=== Directions for this task ===
Quote the entries below from the line with "ASC-001 Armless slipper" through the line with "Musical toy - Cage", both ends included, and only those lines.

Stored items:
⁂
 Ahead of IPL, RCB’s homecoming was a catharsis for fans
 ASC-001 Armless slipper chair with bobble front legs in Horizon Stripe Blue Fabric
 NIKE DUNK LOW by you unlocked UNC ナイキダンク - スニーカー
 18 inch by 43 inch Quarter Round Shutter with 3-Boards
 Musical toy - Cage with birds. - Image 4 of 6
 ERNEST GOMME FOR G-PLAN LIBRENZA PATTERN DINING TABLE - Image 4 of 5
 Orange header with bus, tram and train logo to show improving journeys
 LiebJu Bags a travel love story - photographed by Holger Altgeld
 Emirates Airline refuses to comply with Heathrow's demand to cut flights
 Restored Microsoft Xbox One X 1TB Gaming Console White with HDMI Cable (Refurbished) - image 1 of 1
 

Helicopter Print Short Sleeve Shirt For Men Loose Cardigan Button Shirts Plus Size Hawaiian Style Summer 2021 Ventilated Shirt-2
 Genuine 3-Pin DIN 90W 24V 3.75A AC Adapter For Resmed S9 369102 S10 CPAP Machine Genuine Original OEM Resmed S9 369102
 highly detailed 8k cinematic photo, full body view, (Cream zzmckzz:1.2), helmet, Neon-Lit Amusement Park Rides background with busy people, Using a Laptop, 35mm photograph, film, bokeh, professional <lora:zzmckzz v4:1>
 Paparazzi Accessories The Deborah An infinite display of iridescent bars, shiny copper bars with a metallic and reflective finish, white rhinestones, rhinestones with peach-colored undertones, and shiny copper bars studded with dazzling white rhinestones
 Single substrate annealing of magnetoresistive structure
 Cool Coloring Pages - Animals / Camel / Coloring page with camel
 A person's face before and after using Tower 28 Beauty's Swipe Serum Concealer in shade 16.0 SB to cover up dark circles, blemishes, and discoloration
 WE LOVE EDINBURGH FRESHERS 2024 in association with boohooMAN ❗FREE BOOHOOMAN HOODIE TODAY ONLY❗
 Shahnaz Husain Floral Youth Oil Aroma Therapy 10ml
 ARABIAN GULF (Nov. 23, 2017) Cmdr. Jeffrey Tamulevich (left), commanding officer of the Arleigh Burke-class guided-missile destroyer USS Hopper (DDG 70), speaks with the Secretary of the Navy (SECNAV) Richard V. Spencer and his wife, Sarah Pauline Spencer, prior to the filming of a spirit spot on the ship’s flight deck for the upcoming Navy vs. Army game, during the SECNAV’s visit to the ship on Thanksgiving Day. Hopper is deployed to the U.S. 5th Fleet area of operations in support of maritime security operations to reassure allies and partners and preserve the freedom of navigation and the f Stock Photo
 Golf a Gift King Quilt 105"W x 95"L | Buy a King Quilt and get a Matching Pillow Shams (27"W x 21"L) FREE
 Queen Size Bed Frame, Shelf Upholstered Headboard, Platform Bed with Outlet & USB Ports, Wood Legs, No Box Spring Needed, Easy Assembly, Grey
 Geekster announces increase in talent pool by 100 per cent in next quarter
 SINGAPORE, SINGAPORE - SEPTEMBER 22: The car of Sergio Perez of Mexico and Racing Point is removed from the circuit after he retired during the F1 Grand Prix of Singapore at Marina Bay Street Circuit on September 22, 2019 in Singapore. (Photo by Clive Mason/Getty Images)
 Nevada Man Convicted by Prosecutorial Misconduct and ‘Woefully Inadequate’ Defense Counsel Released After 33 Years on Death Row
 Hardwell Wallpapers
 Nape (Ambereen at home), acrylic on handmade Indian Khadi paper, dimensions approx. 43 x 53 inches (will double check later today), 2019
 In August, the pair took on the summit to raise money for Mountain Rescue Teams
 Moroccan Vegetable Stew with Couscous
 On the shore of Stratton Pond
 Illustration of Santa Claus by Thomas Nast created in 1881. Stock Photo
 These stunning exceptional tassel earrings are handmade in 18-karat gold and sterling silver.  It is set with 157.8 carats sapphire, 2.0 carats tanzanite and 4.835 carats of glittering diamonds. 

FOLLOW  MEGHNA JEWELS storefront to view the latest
⁂
=== Result below ===
 ASC-001 Armless slipper chair with bobble front legs in Horizon Stripe Blue Fabric
 NIKE DUNK LOW by you unlocked UNC ナイキダンク - スニーカー
 18 inch by 43 inch Quarter Round Shutter with 3-Boards
 Musical toy - Cage with birds. - Image 4 of 6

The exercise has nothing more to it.